A mechanism of nitric oxide-induced surfactant dysfunction.
Hallman, Mikko, Kristina Bry, and Urpo Lappalainen.
Division of Neonatal Medicine, Department of Pediatrics, University
of California, Irvine, California 92717
APStracts 3:0082A, 1996.
Inhaled nitric oxide (NO) may modify surfactant either by interacting
with the surfactant complex or by changing the capacity of the
proteins of the epithelial lining fluid to inhibit the surface
activity. Natural surfactant was exposed to NO (80 ppm) in air in
vitro while the gas-liquid surface was cycled. In the presence or
absence of oxidants (Fe++, xanthine, xanthine oxidase), surfactant
exposed to NO retained the high surface activity significantly better
than control surfactants exposed to air.

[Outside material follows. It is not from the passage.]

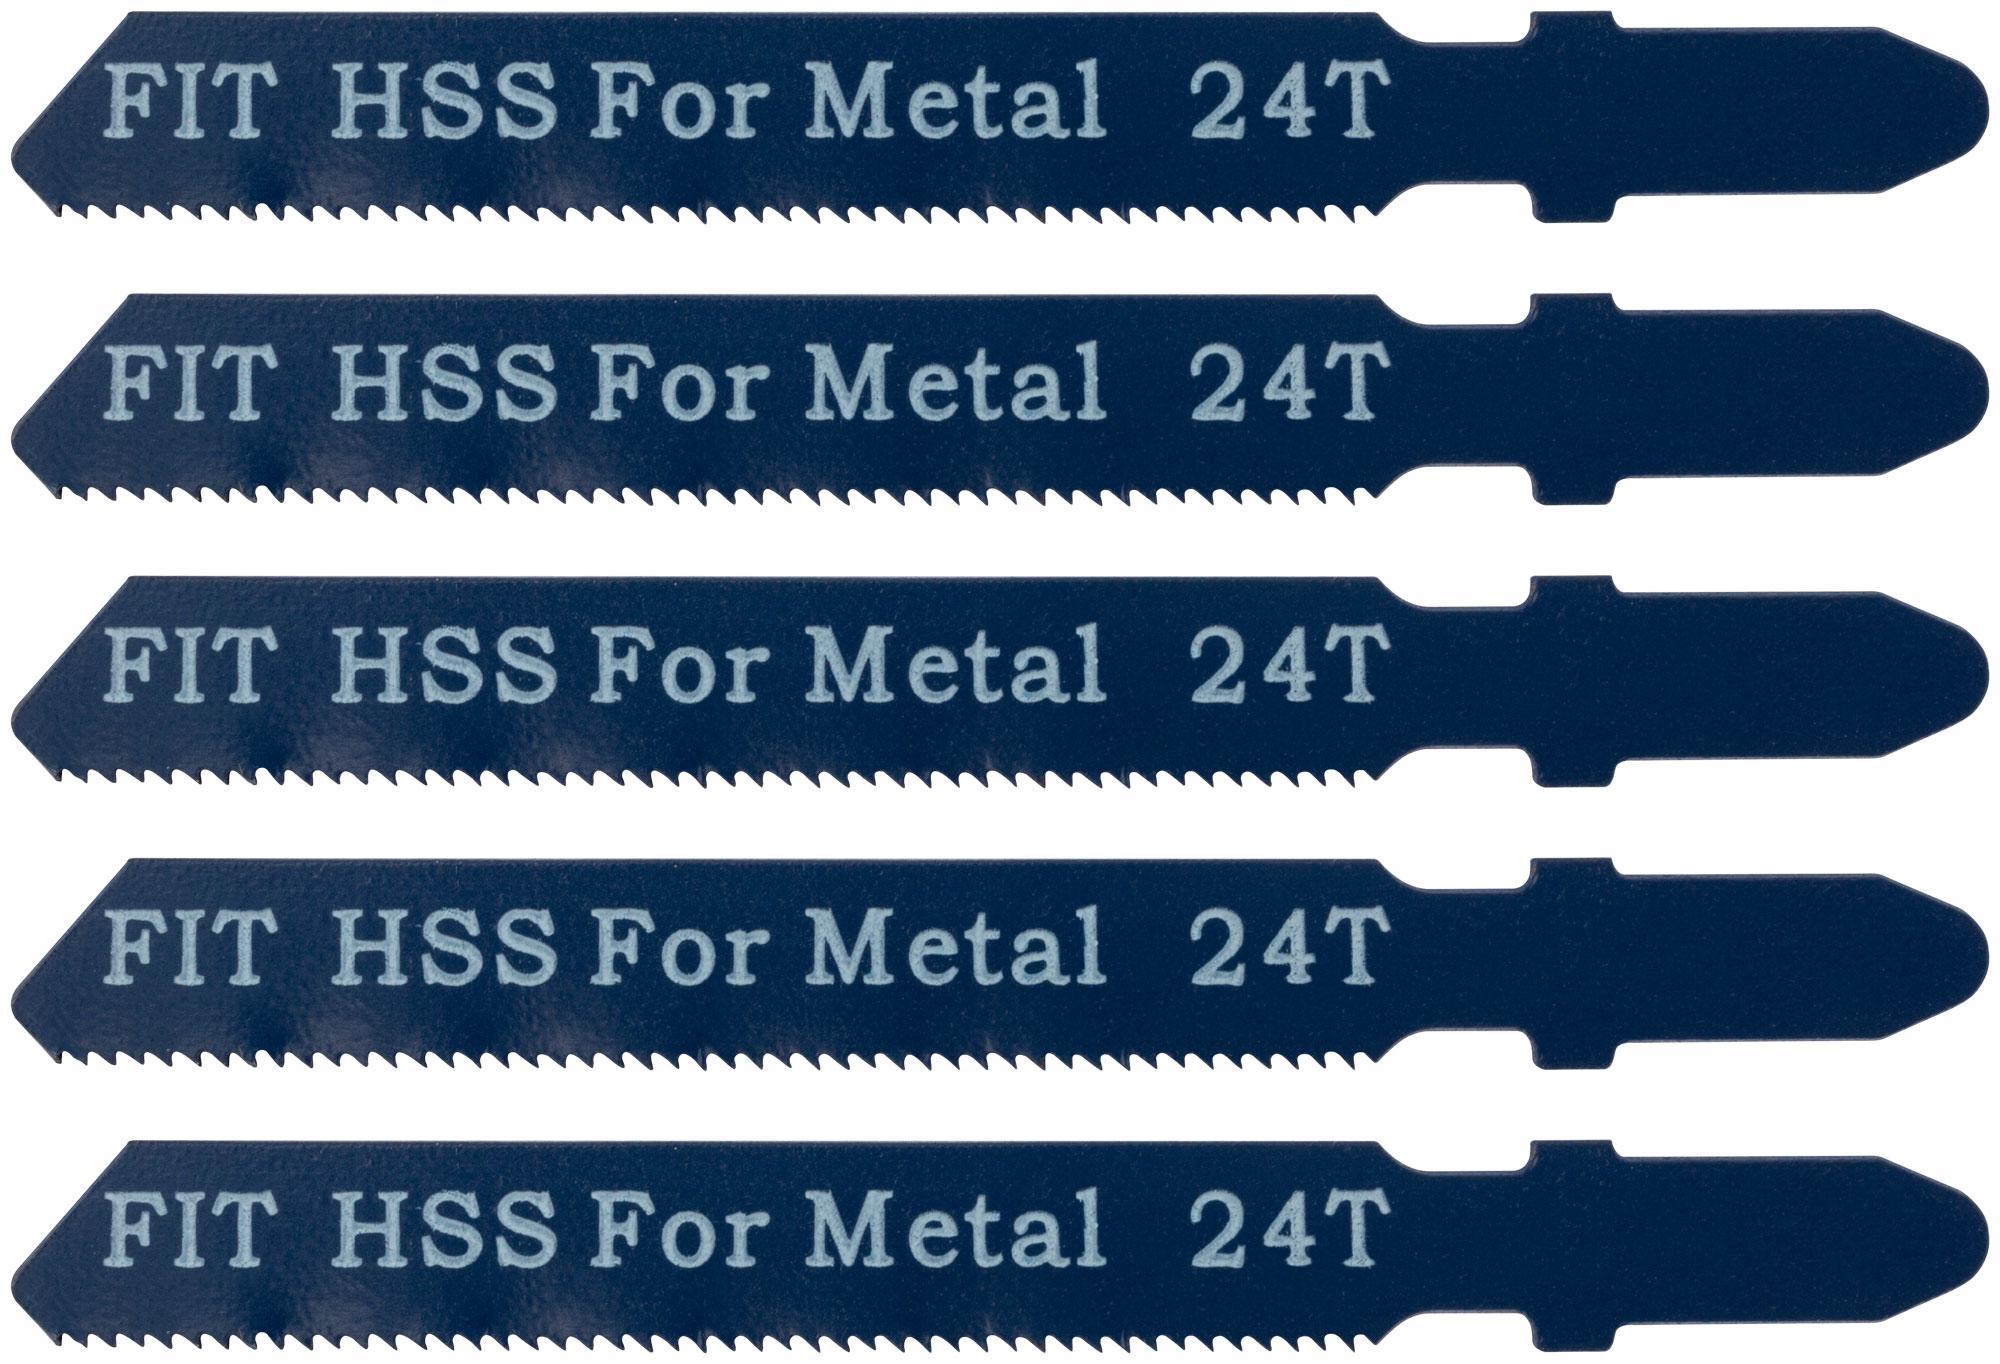 Пилки для лобзика Fit 41124 пилки для лобзика по дереву набор 5 шт стандарт

Two surfactant inhibitors,
hemoglobin (Hb) and albumin, were separately exposed to NO. In
contrast to albumin, NO-exposed Hb and methemoglobin (16 to 125
[mu]g/ml) decreased the surface activity at low surfactant
concentrations, whereas native Hb had no effect. Surfactant recovered
by sedimentation after exposure to methemoglobin had decreased
surface activity, and contained methemoglobin, whereas Hb did not
bind to surfactant. Acidic phospholipid phosphatidylglycerol
increased the binding of methemoglobin to surfactant. The
methemoglobin-induced decrease in surface activity was elicited in
the presence of surfactant proteins, including a peptide mimicking
surfactant protein B. Methemoglobin (but not Hb) added to a low dose
of exogenous surfactant decreased the efficacy of surfactant to
improve the lung compliance of premature rabbits. We propose that
inhaled NO promotes the surface activity of surfactant during tidal
ventilation and that in high permeability lung edema and surfactant
deficiency, inhaled NO increases the inhibition of surface activity
by converting Hb to methemoglobin in the alveolar space.
Received 11 April 1995; accepted in final form 17 January 1996.
APS Manuscript Number A398-5.
Article publication pending Journal of Applied Physiology.